**WHAT YOU NEED TO DO:** Copy, word for word, the lines of the listing below from the line with "Lifestyle shot of" up to and including the line with "Marenco Sofa /". Drop the pictures.

**DATASET EXTRACT:**
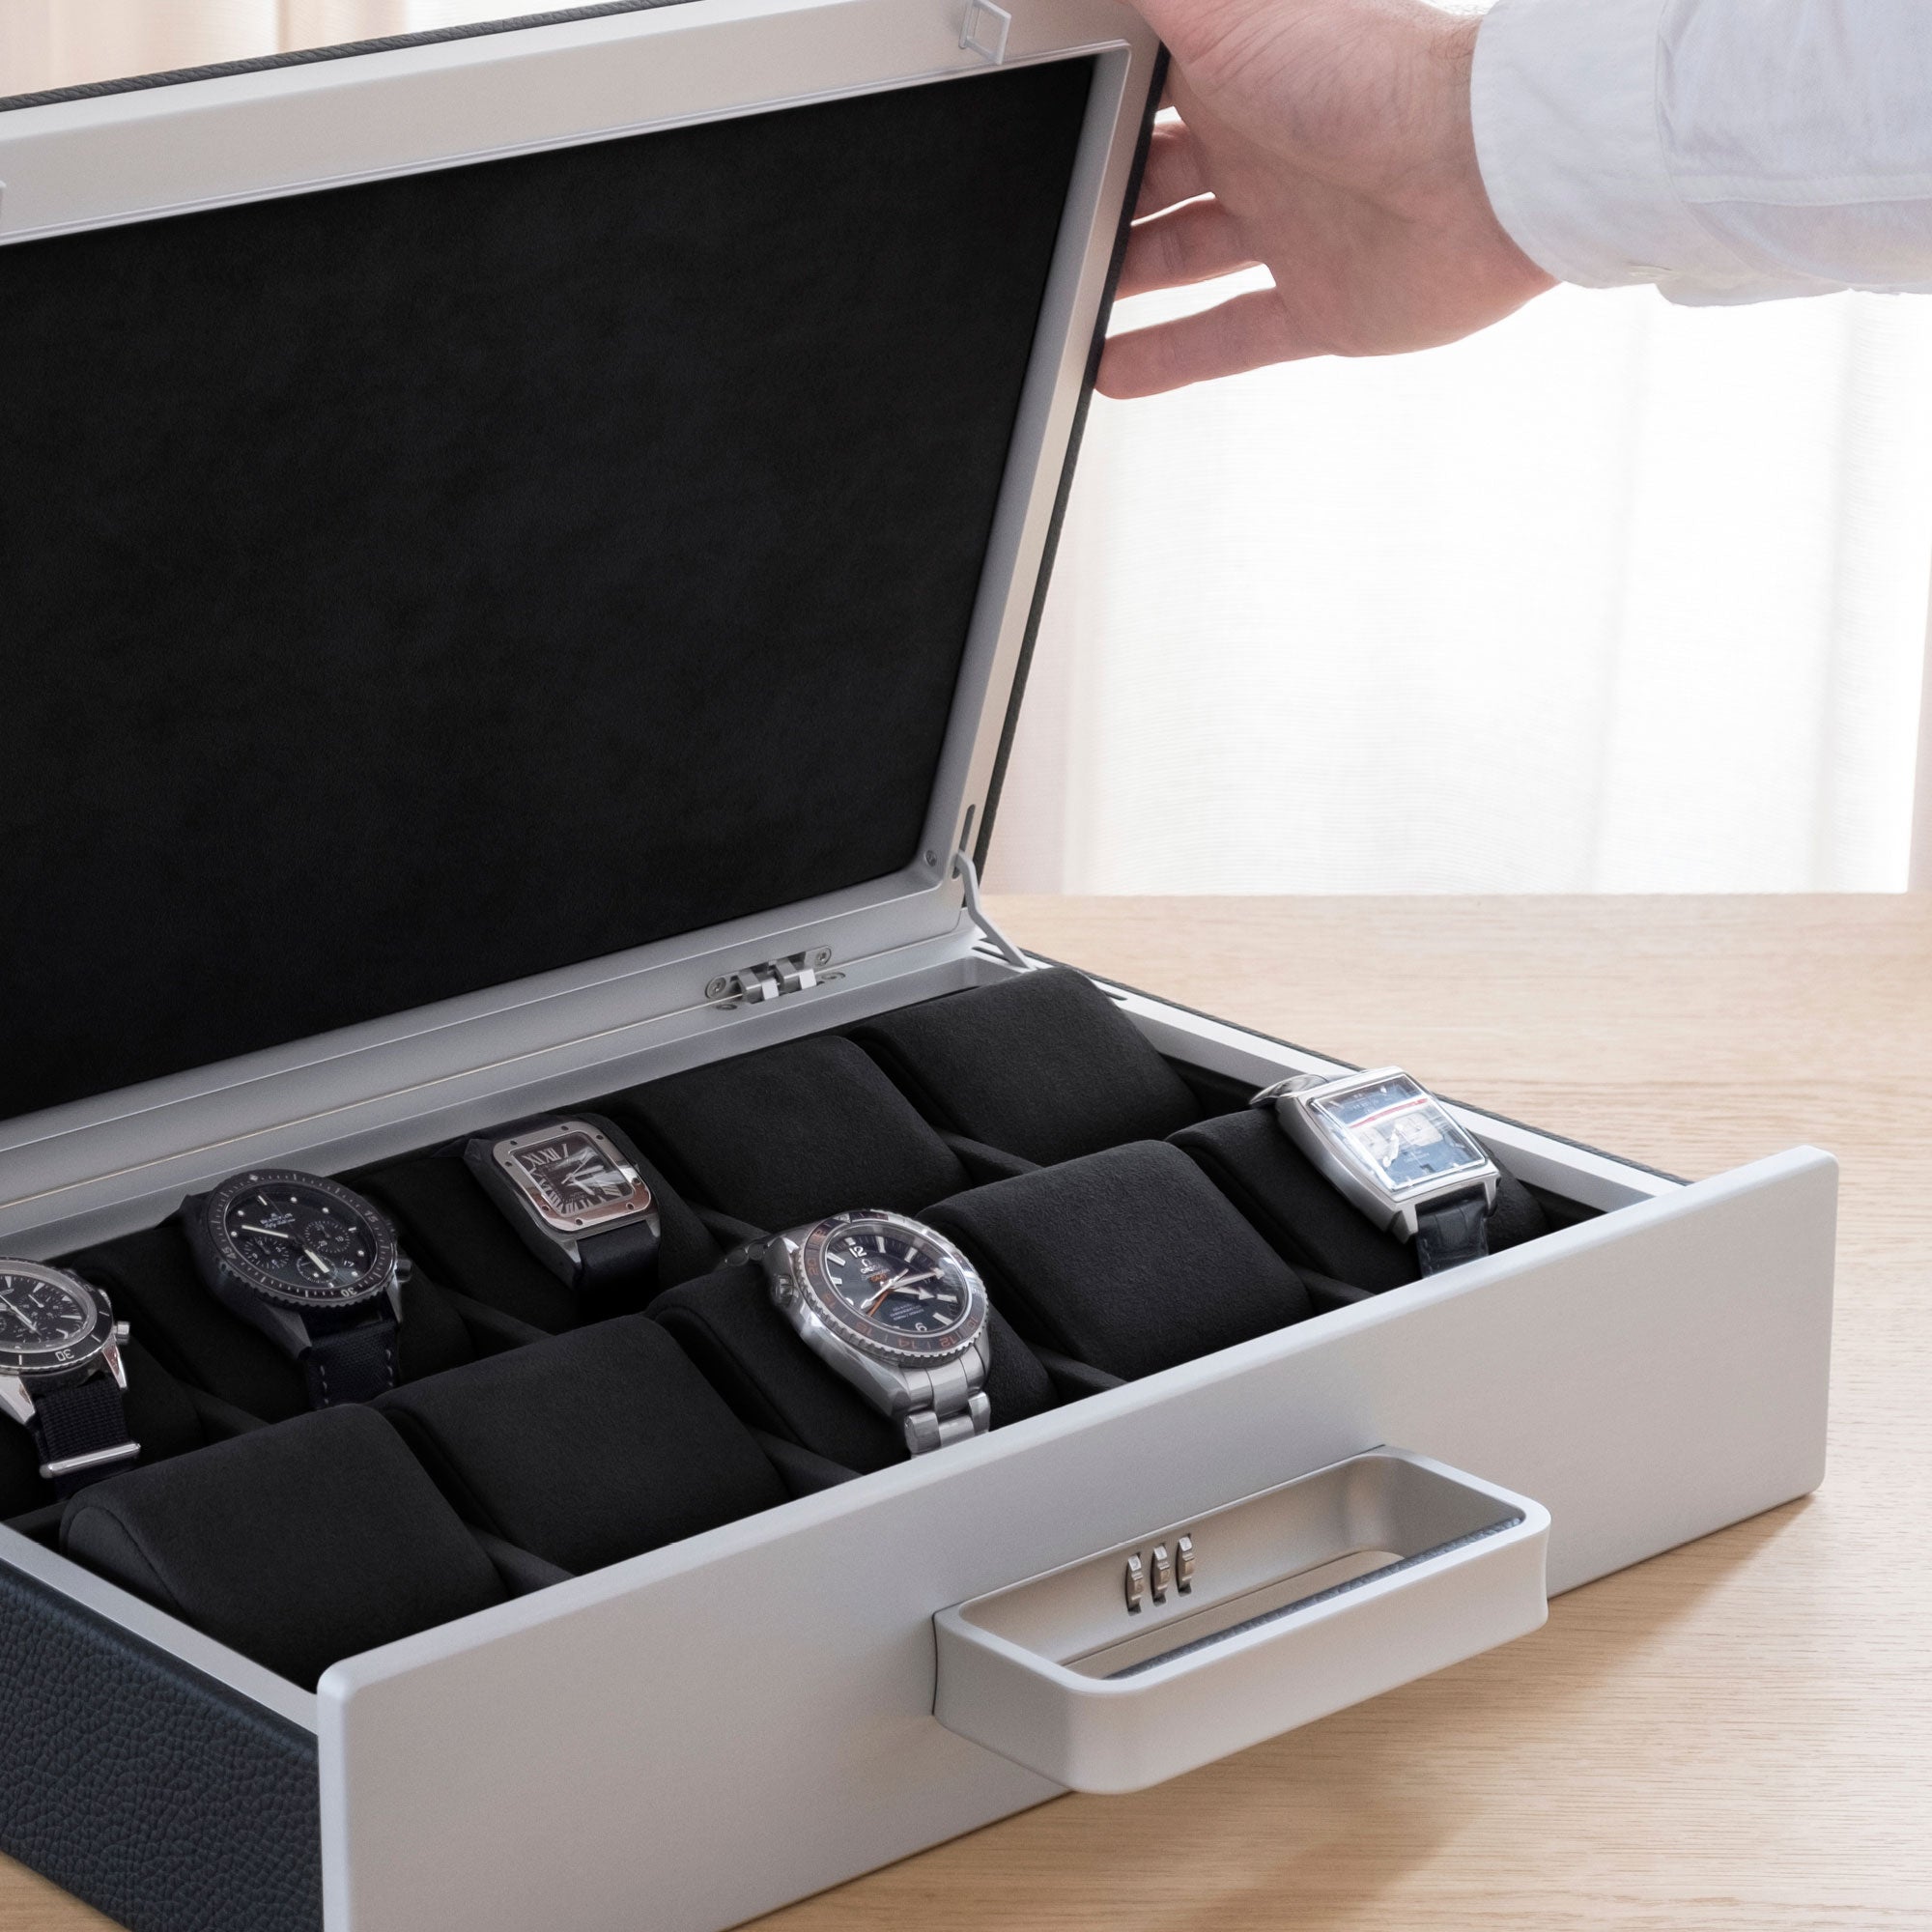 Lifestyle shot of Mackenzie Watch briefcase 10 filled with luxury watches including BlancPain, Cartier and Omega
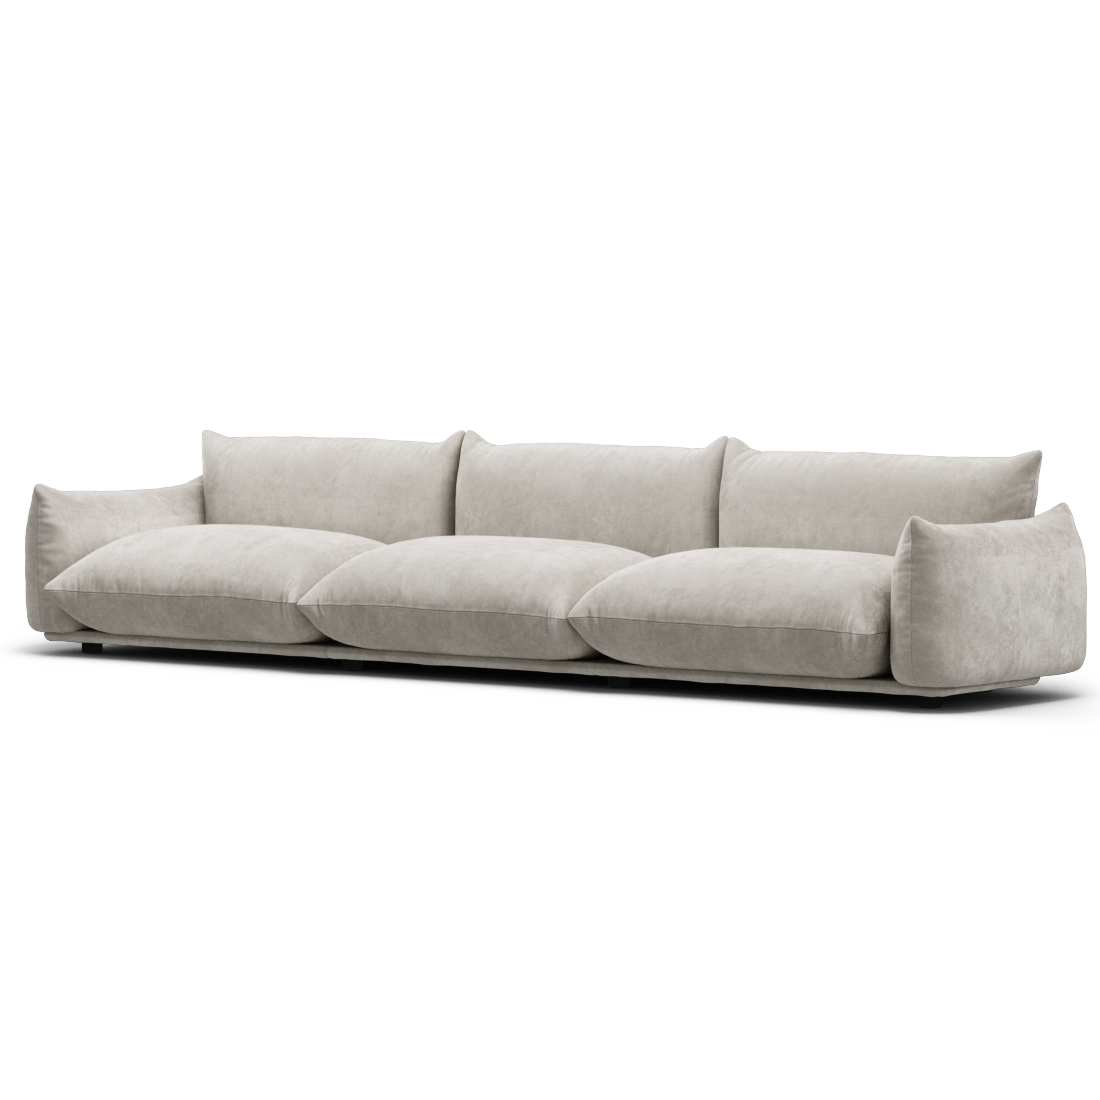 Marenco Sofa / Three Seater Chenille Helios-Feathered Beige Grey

...

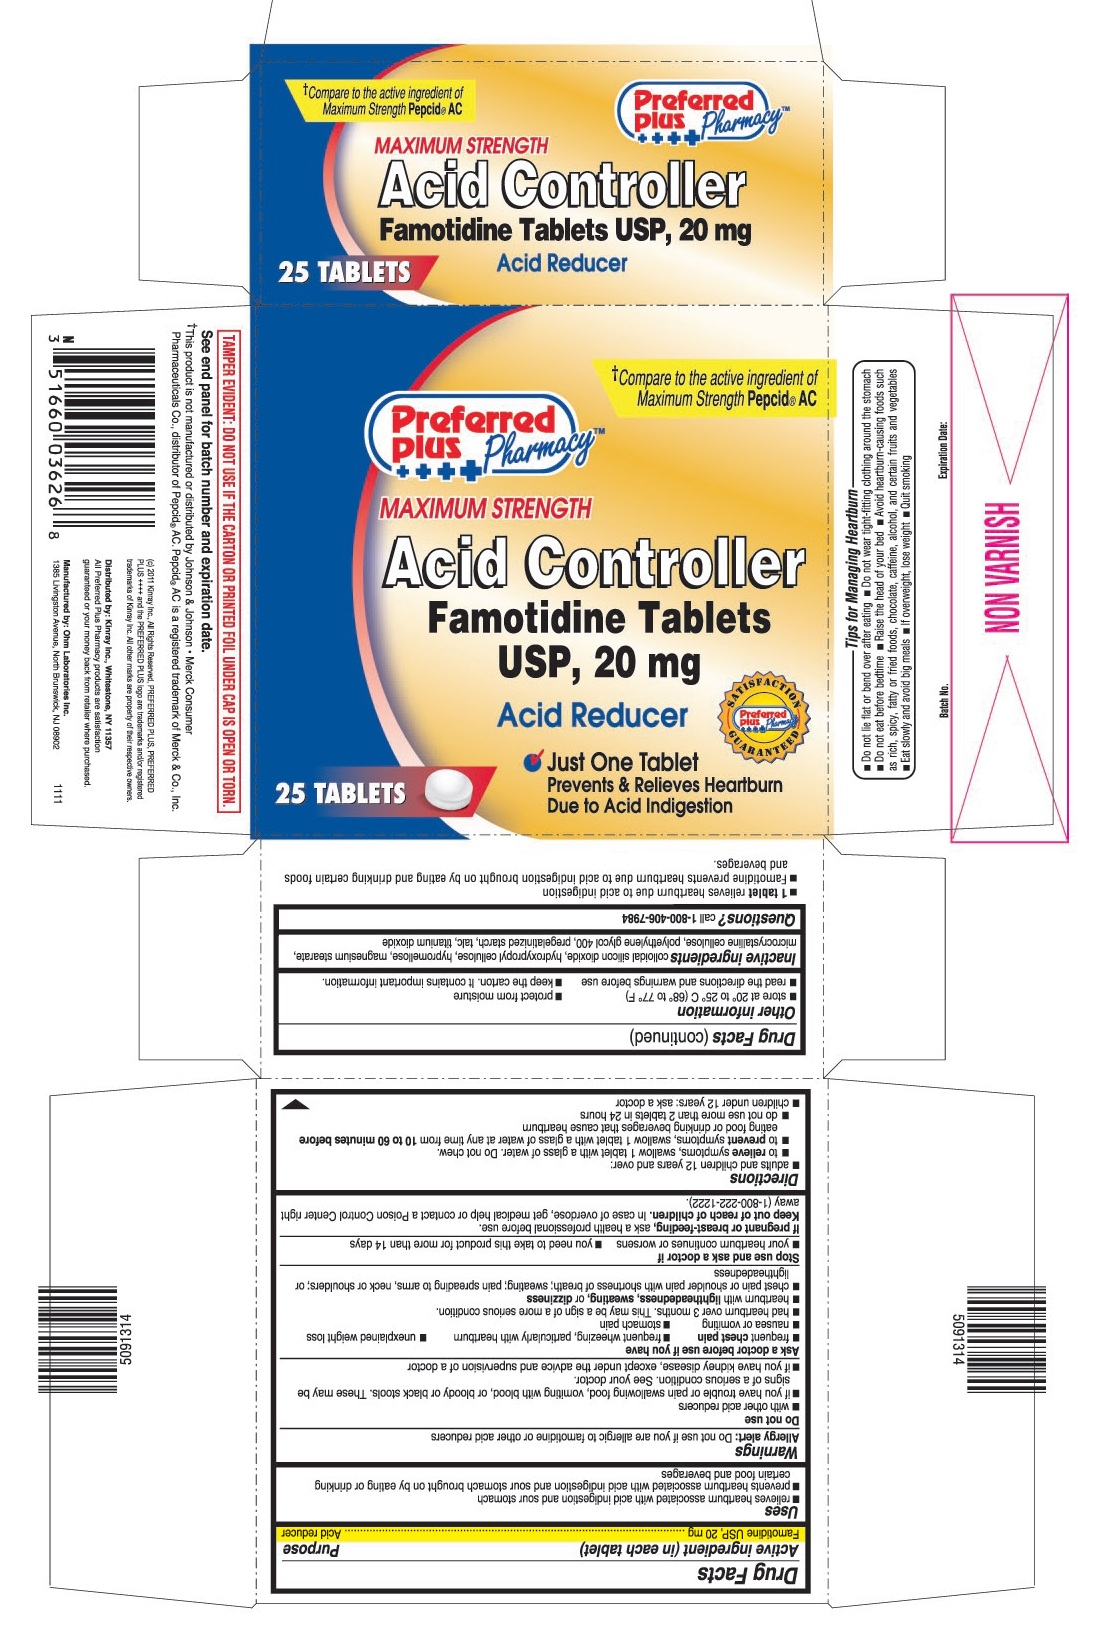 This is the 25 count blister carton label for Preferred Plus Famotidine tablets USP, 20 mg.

...

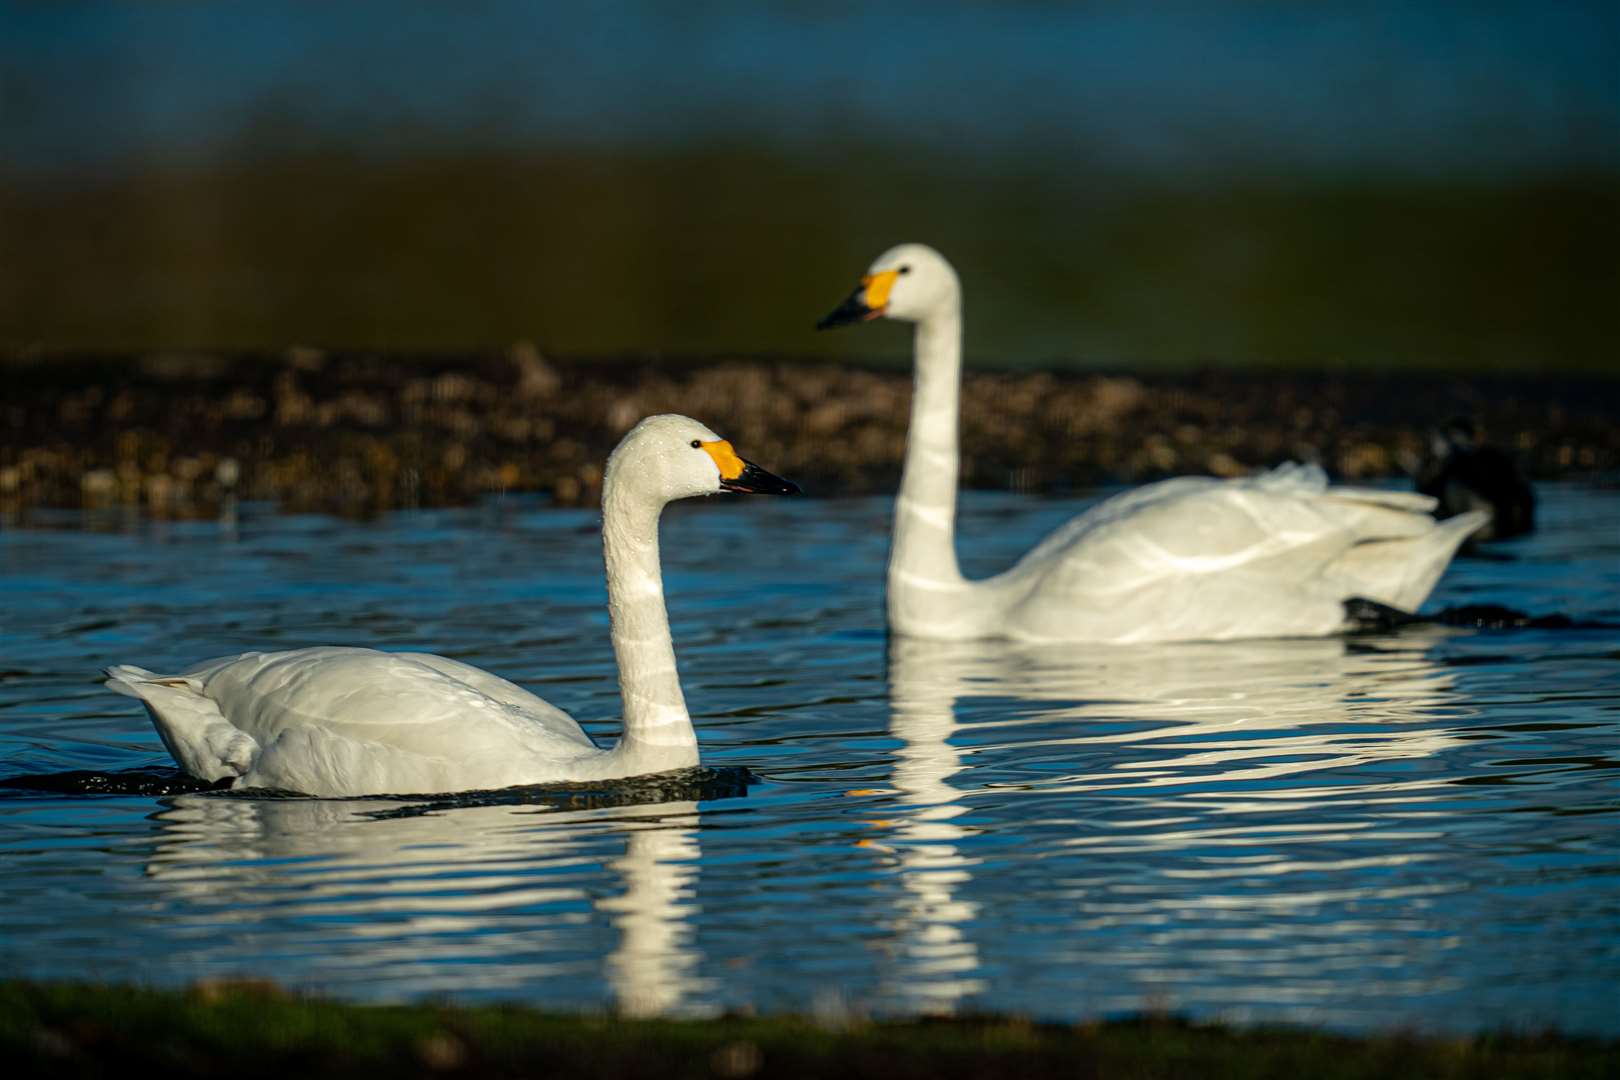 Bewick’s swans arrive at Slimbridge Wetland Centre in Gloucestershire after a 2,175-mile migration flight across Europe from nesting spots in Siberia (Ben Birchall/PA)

**REPLY TO THE EXERCISE:**
 Lifestyle shot of Mackenzie Watch briefcase 10 filled with luxury watches including BlancPain, Cartier and Omega
 Marenco Sofa / Three Seater Chenille Helios-Feathered Beige Grey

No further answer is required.